THE PROBLEM: Exact reproduction of the following data is required.

Data excerpts:
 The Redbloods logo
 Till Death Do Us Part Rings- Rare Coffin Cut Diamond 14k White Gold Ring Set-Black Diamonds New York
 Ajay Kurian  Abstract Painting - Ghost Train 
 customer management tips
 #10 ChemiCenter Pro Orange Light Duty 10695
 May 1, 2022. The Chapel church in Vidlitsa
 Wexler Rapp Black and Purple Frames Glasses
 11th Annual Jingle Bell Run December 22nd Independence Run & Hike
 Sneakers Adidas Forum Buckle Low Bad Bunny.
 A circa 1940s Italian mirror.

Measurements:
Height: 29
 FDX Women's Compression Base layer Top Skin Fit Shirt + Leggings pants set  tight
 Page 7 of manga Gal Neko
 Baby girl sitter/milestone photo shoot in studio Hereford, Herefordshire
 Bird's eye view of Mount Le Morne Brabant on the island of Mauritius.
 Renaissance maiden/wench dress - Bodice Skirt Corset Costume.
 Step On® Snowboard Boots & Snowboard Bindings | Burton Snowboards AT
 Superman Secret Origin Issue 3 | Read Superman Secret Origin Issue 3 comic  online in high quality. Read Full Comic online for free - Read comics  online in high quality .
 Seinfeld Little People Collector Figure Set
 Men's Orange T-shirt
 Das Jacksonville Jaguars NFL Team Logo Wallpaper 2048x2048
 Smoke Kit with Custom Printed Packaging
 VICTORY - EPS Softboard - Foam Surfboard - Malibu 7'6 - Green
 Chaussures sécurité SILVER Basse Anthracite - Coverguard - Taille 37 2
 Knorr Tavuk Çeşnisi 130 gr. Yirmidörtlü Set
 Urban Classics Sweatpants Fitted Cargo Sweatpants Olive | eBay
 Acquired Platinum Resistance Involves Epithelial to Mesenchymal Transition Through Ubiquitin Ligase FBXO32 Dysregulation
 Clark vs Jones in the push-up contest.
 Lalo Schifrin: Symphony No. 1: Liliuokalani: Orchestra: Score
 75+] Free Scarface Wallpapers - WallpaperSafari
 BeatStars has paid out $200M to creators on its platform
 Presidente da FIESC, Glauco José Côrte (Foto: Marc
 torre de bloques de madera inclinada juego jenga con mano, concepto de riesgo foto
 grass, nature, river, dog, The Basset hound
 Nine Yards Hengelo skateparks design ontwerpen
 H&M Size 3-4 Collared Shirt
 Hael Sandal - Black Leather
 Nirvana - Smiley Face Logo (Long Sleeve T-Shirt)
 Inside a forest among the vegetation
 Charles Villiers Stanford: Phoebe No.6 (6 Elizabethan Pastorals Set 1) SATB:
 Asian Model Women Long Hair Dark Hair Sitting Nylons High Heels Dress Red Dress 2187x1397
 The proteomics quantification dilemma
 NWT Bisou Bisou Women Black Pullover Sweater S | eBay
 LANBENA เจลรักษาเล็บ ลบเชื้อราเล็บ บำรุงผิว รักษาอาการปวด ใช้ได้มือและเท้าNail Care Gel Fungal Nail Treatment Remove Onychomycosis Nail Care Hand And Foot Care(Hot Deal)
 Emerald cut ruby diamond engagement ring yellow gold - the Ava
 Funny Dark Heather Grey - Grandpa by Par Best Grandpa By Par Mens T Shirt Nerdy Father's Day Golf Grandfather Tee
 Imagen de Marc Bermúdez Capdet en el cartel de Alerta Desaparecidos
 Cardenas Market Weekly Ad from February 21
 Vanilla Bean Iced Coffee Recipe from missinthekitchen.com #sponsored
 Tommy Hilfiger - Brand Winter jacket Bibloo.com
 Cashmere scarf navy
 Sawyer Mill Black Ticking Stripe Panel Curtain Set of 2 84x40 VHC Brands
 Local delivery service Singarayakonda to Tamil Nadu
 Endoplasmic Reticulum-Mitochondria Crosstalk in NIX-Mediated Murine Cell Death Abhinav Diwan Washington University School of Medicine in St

SOLUTION TO THIS TASK:
 The Redbloods logo
 Till Death Do Us Part Rings- Rare Coffin Cut Diamond 14k White Gold Ring Set-Black Diamonds New York
 Ajay Kurian  Abstract Painting - Ghost Train 
 customer management tips
 #10 ChemiCenter Pro Orange Light Duty 10695
 May 1, 2022. The Chapel church in Vidlitsa
 Wexler Rapp Black and Purple Frames Glasses
 11th Annual Jingle Bell Run December 22nd Independence Run & Hike
 Sneakers Adidas Forum Buckle Low Bad Bunny.
 A circa 1940s Italian mirror.

Measurements:
Height: 29
 FDX Women's Compression Base layer Top Skin Fit Shirt + Leggings pants set  tight
 Page 7 of manga Gal Neko
 Baby girl sitter/milestone photo shoot in studio Hereford, Herefordshire
 Bird's eye view of Mount Le Morne Brabant on the island of Mauritius.
 Renaissance maiden/wench dress - Bodice Skirt Corset Costume.
 Step On® Snowboard Boots & Snowboard Bindings | Burton Snowboards AT
 Superman Secret Origin Issue 3 | Read Superman Secret Origin Issue 3 comic  online in high quality. Read Full Comic online for free - Read comics  online in high quality .
 Seinfeld Little People Collector Figure Set
 Men's Orange T-shirt
 Das Jacksonville Jaguars NFL Team Logo Wallpaper 2048x2048
 Smoke Kit with Custom Printed Packaging
 VICTORY - EPS Softboard - Foam Surfboard - Malibu 7'6 - Green
 Chaussures sécurité SILVER Basse Anthracite - Coverguard - Taille 37 2
 Knorr Tavuk Çeşnisi 130 gr. Yirmidörtlü Set
 Urban Classics Sweatpants Fitted Cargo Sweatpants Olive | eBay
 Acquired Platinum Resistance Involves Epithelial to Mesenchymal Transition Through Ubiquitin Ligase FBXO32 Dysregulation
 Clark vs Jones in the push-up contest.
 Lalo Schifrin: Symphony No. 1: Liliuokalani: Orchestra: Score
 75+] Free Scarface Wallpapers - WallpaperSafari
 BeatStars has paid out $200M to creators on its platform
 Presidente da FIESC, Glauco José Côrte (Foto: Marc
 torre de bloques de madera inclinada juego jenga con mano, concepto de riesgo foto
 grass, nature, river, dog, The Basset hound
 Nine Yards Hengelo skateparks design ontwerpen
 H&M Size 3-4 Collared Shirt
 Hael Sandal - Black Leather
 Nirvana - Smiley Face Logo (Long Sleeve T-Shirt)
 Inside a forest among the vegetation
 Charles Villiers Stanford: Phoebe No.6 (6 Elizabethan Pastorals Set 1) SATB:
 Asian Model Women Long Hair Dark Hair Sitting Nylons High Heels Dress Red Dress 2187x1397
 The proteomics quantification dilemma
 NWT Bisou Bisou Women Black Pullover Sweater S | eBay
 LANBENA เจลรักษาเล็บ ลบเชื้อราเล็บ บำรุงผิว รักษาอาการปวด ใช้ได้มือและเท้าNail Care Gel Fungal Nail Treatment Remove Onychomycosis Nail Care Hand And Foot Care(Hot Deal)
 Emerald cut ruby diamond engagement ring yellow gold - the Ava
 Funny Dark Heather Grey - Grandpa by Par Best Grandpa By Par Mens T Shirt Nerdy Father's Day Golf Grandfather Tee
 Imagen de Marc Bermúdez Capdet en el cartel de Alerta Desaparecidos
 Cardenas Market Weekly Ad from February 21
 Vanilla Bean Iced Coffee Recipe from missinthekitchen.com #sponsored
 Tommy Hilfiger - Brand Winter jacket Bibloo.com
 Cashmere scarf navy
 Sawyer Mill Black Ticking Stripe Panel Curtain Set of 2 84x40 VHC Brands
 Local delivery service Singarayakonda to Tamil Nadu
 Endoplasmic Reticulum-Mitochondria Crosstalk in NIX-Mediated Murine Cell Death Abhinav Diwan Washington University School of Medicine in St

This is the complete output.